# PROBLEM STATEMENT:
Given the entries that follow, write out exactly the lines starting at the one containing "Red heart lingerie set" and ending at the one containing "Милые котики на", both ends included, and only those.

# SOURCE MATERIAL:

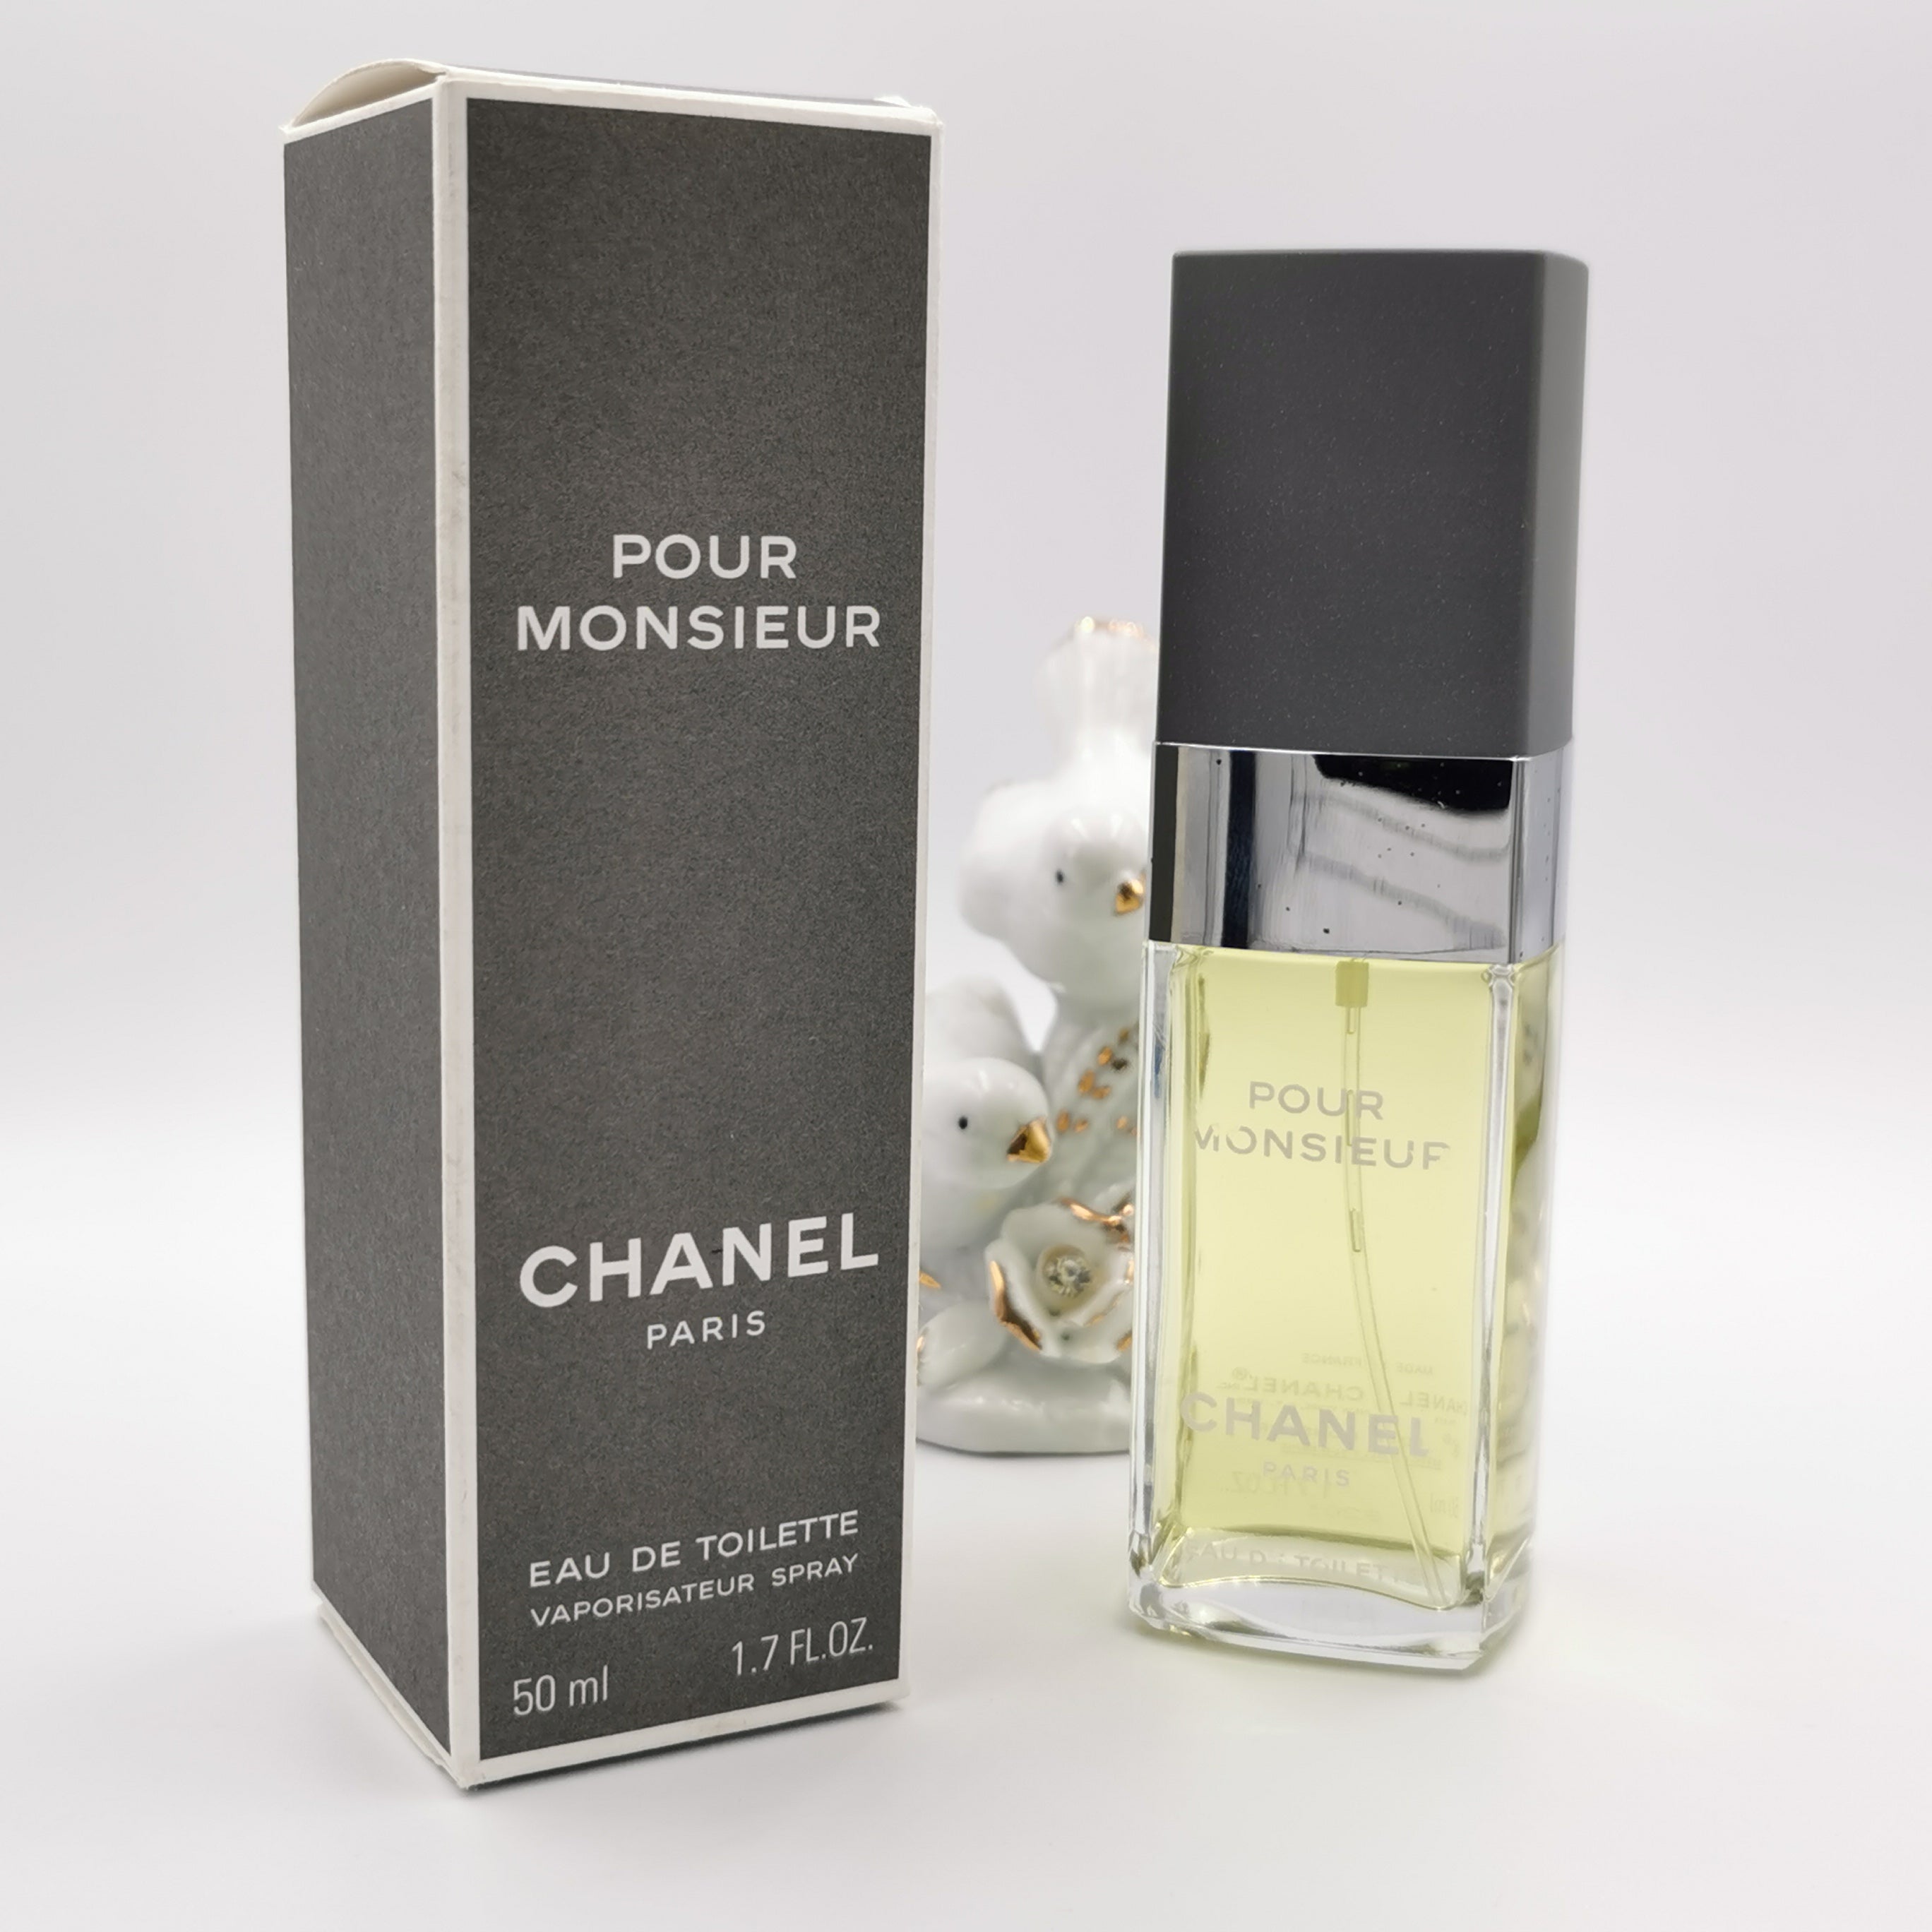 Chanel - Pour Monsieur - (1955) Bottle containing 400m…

==

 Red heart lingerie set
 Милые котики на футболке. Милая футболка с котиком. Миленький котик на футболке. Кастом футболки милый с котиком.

==

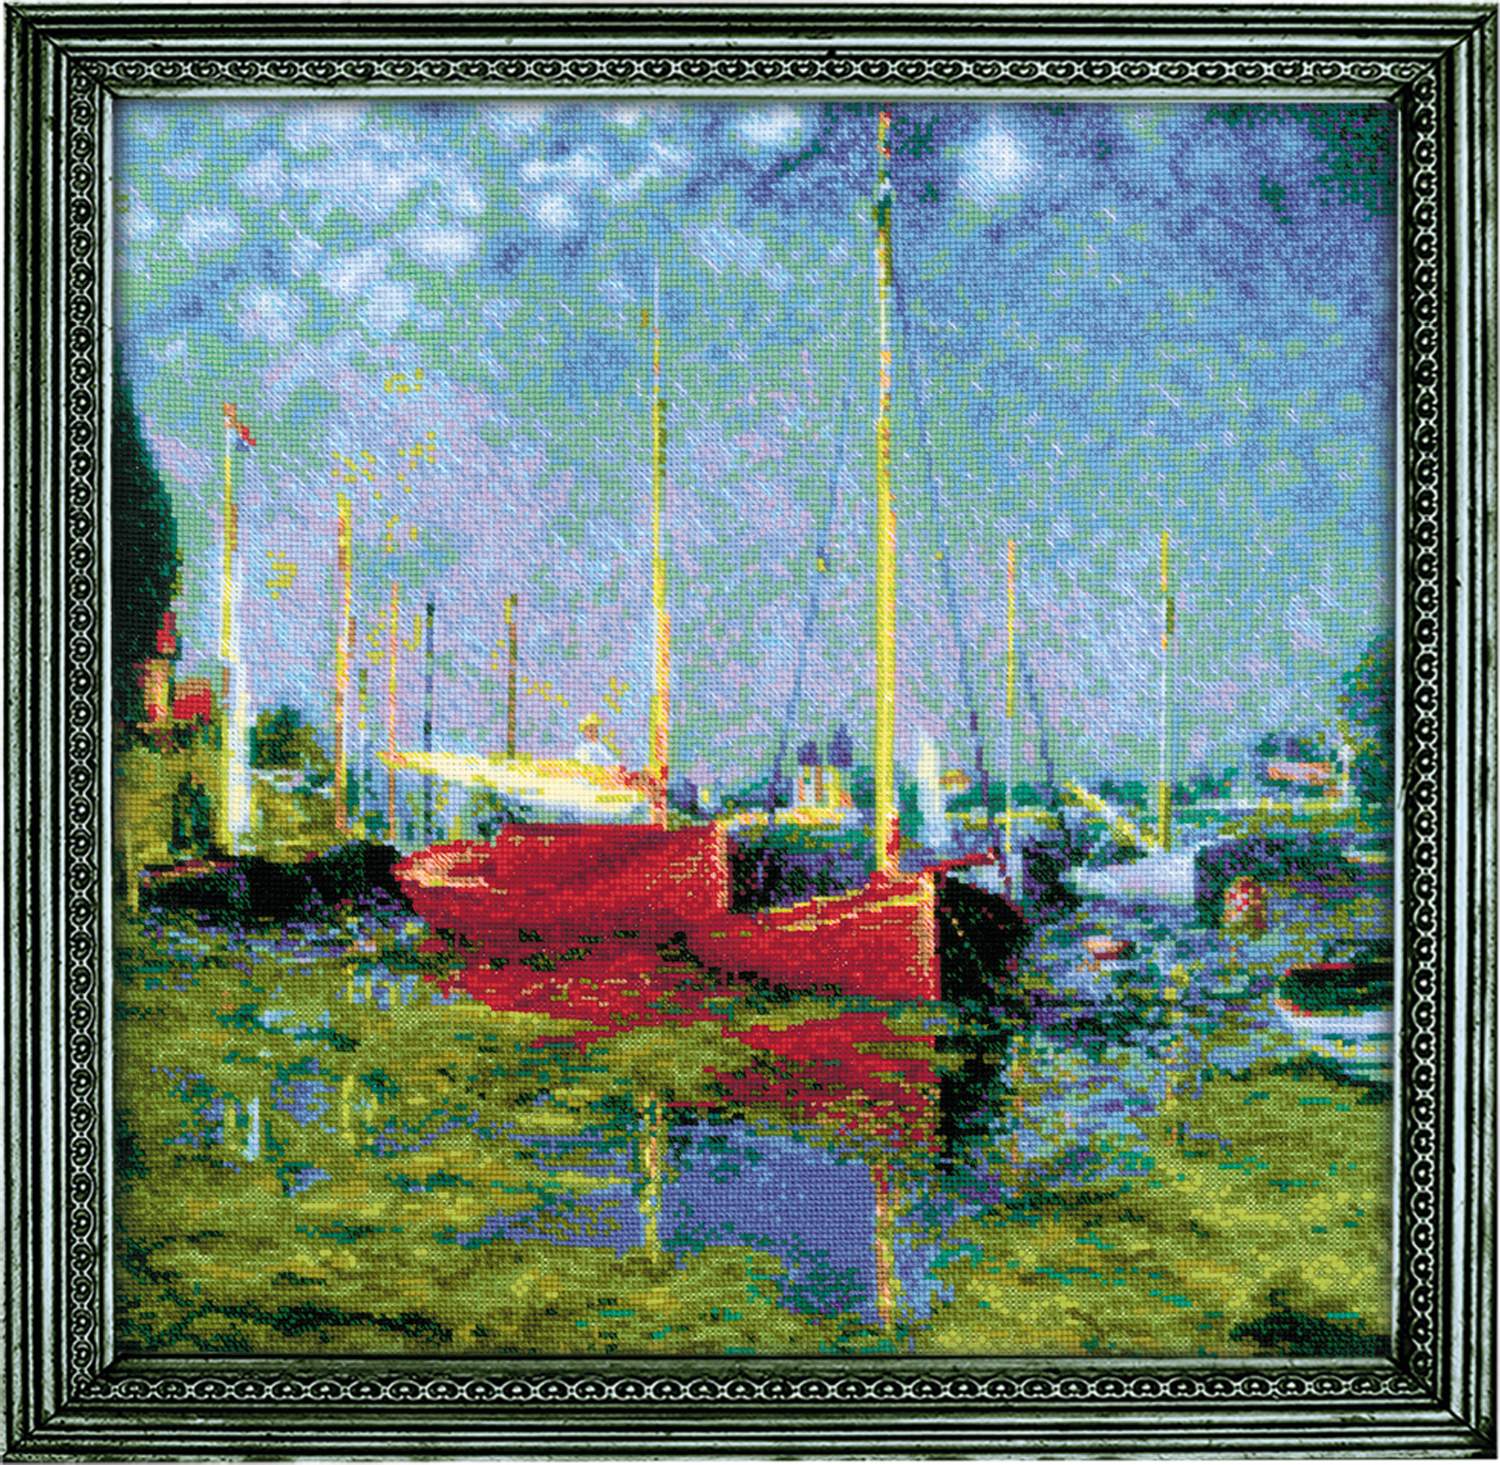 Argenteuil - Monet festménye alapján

# RESULT OF THE TASK:
 Red heart lingerie set
 Милые котики на футболке. Милая футболка с котиком. Миленький котик на футболке. Кастом футболки милый с котиком.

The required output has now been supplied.